You won't find that definition in textbooks because it would make floor(0) an indeterminate form. In textbooks, "indeterminate form" simply means member of this table. MvH (talk) 22:27, 28 September 2018 (UTC)[reply]

Floor(0) is a function call. If we did all the arithmetic using add(x,y),subtract(x,y), multiply((x,y),divide(x,y),power(x,y) we wouldn't have to worry about indeterminate forms - provided we didn't automatically apply simplifications knowing the properties of these functions. Indeterminate forms allow us to not worry about using normal arithmetic rules. If we used an operator for floor and automatically applied rules combining it with other things then yes floor(0) would have to be counted as an indeterminate form or in fact something rather strange as it is defined with a value at 0, especially if it occurred at all often in calculus. But we don't. Indeterminate forms are not an arbitrary collection like you seem to be making out, the table is a result not a starting point. Pure maths people might be happy tuning '+' into 'add' but this is simply not a starter for applied maths. Also distinguishing between floor(x) and ceil(x-1) could be rather difficult for physical processes! Dmcq (talk) 08:38, 29 September 2018 (UTC)[reply]

Note that the place you pointed at said "The following table lists the most common indeterminate forms and ...." Dmcq (talk) 08:46, 29 September 2018 (UTC)[reply]

The only way to resolve the controversy is to use different notations for different things. We teach students that 0/0 is a math error, but in calculus the same expression could also denote what you call an indeterminate form. Why not just denote that indeterminate form as "0/0". The ambiguity would disappear and the debate would be resolved. The two expressions 0/0 and "0/0" are very different, 0/0 is always an error, whereas "0/0" means: use l'Hopitals rule in order to prevent an error. MvH (talk) 17:50, 29 September 2018 (UTC)[reply]

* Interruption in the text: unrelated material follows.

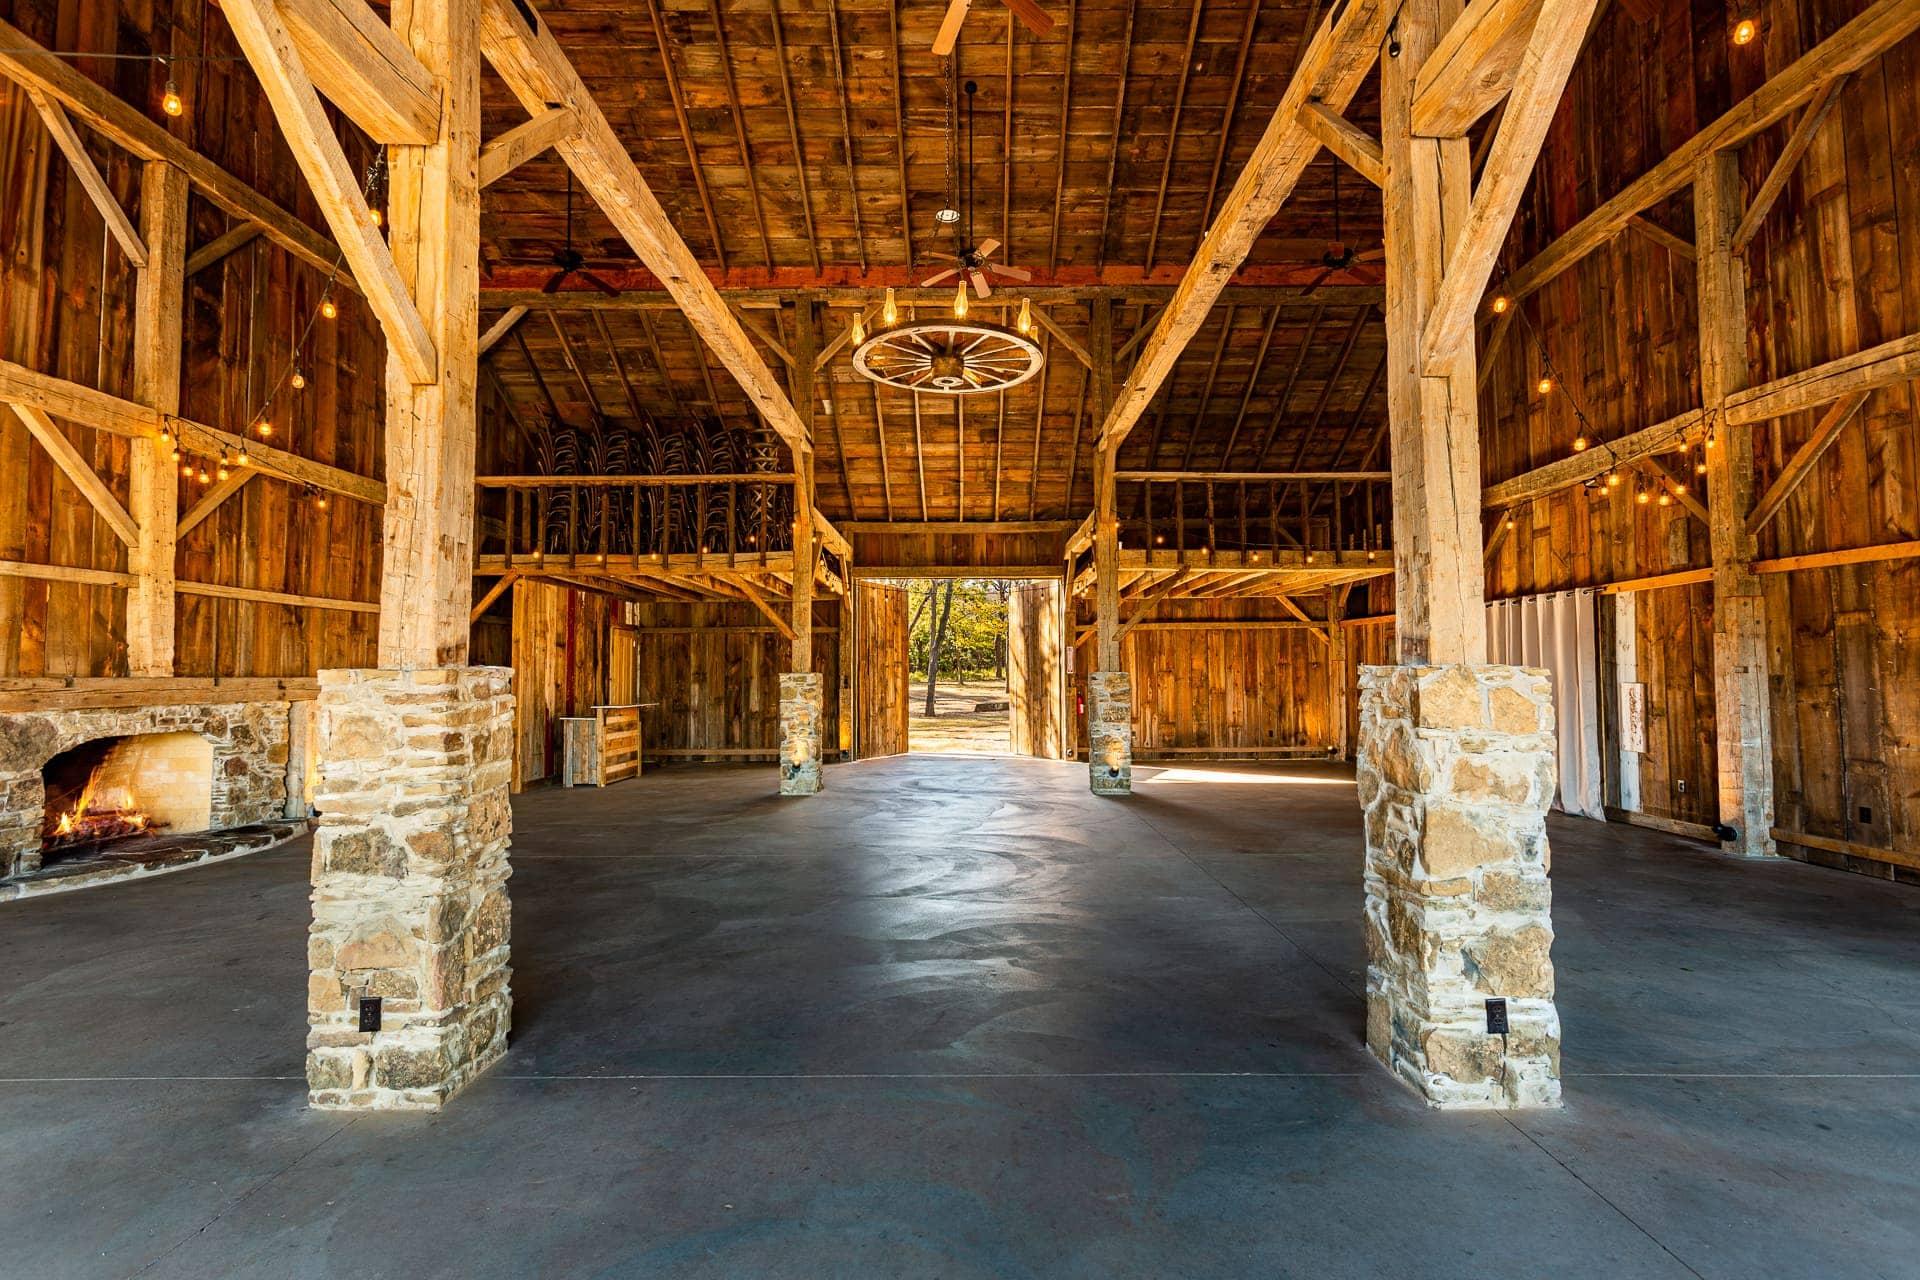 Spacious Barn Interiors in Esperanza Ranch | Oklahoma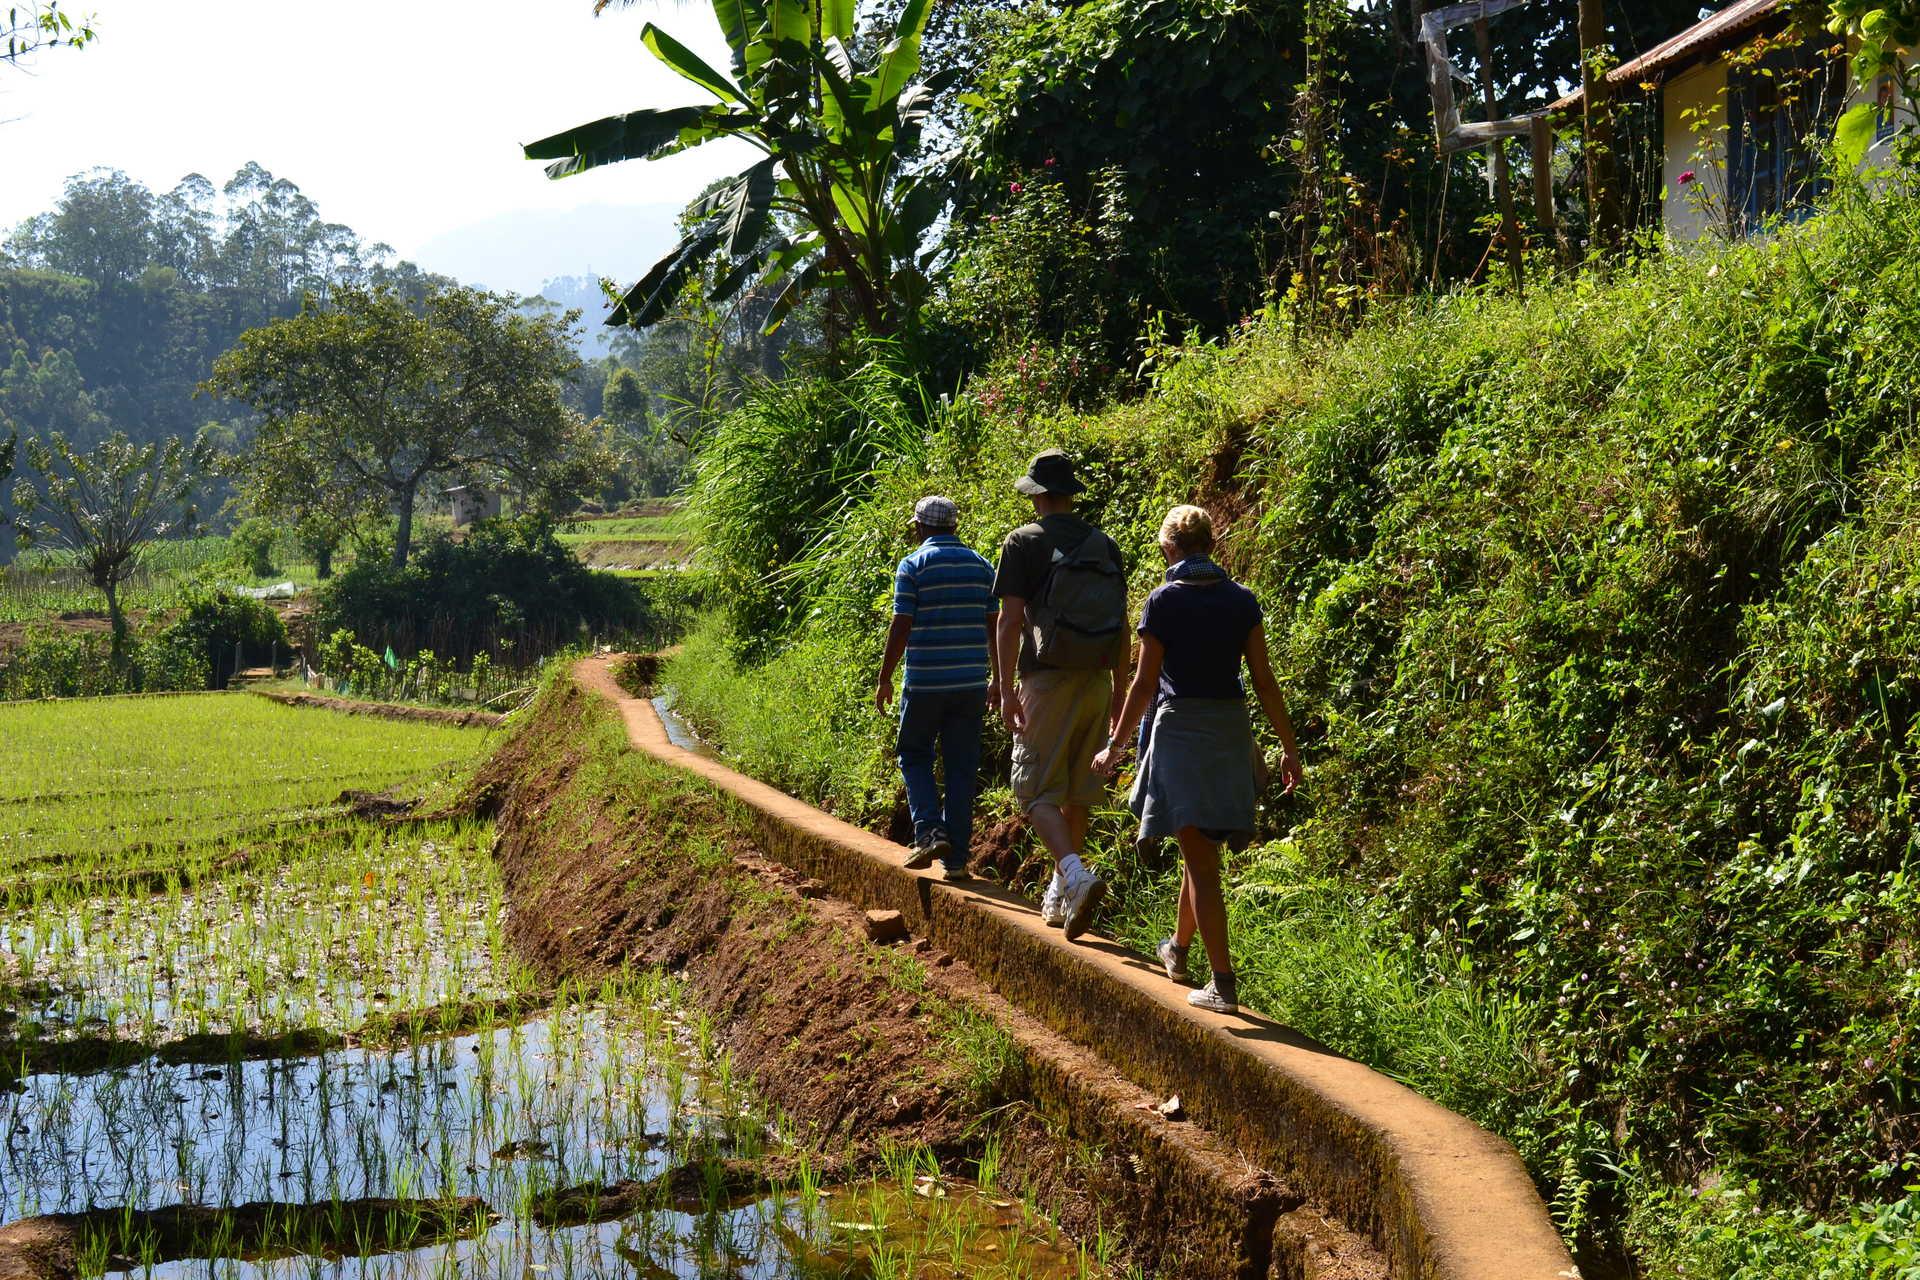 randonnée-dans-les-rizières-Sri-Lanka

Besides the fact that putting around quote marks in calculus would make engineering students reject mathematics that simply doesn't work. Try writing a program to do what you are trying to think of and you'll find that you were simply waving your hands around. If power(0,0)) evaluates to 1 then the value will be defined and there is no question about the value at the point, there is no requirement to find a limit even though one has a discontinuity. Dmcq (talk) 23:05, 29 September 2018 (UTC)[reply]

A few quotes is a small price to pay for mathematical consistency. Clear and consistent standards make life easier for programmers. They lead to less handwaving, not more. Consistency is a good thing. pow(0,0) does not need to know what the context is. Instead, pow(0,0) should simply follow the IEEE standard and thus return 1 MvH (talk) 00:15, 30 September 2018 (UTC)[reply]

My suggestion may be belittled as in no way satisfying "If A then B", but, imho "depending on the context" IS the "program" that "inserts" scare quotes for the vast majority of readers in the appropriate place, at least in the context of not absolutely formalized texts. Purgy (talk) 06:07, 30 September 2018 (UTC)[reply]

Yes that is fine and is what happens in effect but MvH says "Consistency is a good thing. pow(0,0) does not need to know what the context is." which most definitely is the direct opposite. The whole business of doing algebraic simplification and using indeterminate forms for the limits doesn't work with that. Dmcq (talk) 09:48, 30 September 2018 (UTC)[reply]

The IEEE standard clearly states that pow(0,0) is 1. It does {\em not} say that pow() needs to be aware of context. Computer scientists tend to be careful with notation. I do think we can agree on some things though. The page says "mathematical expression with no agreed-upon value". Regardless what we write, the "no agreed-upon" is accurate either way. MvH (talk) 20:27, 30 September 2018 (UTC)[reply]

Sorry I was assuming you were using pow(0,0) as a way of writing 0^0 rather than the IEEE function. pow() is a mixture of pown and powr to my way of thinking. Dmcq (talk) 20:36, 30 September 2018 (UTC)[reply]

Yes, the IEEE 754-2008 pow() basically comes from C. But it is cleaner to have separate functions (depending on the domain), when possible. That's why pown and powr have been defined. Vincent Lefèvre (talk) 00:08, 1 October 2018 (UTC)[reply]

Asserting things will be cleaner is not the same as making things actually work. Anyway the article seems to describe the actual situation as described in reliable sources reasonably well whatever about what you'd like. Dmcq (talk) 09:41, 30 September 2018 (UTC)[reply]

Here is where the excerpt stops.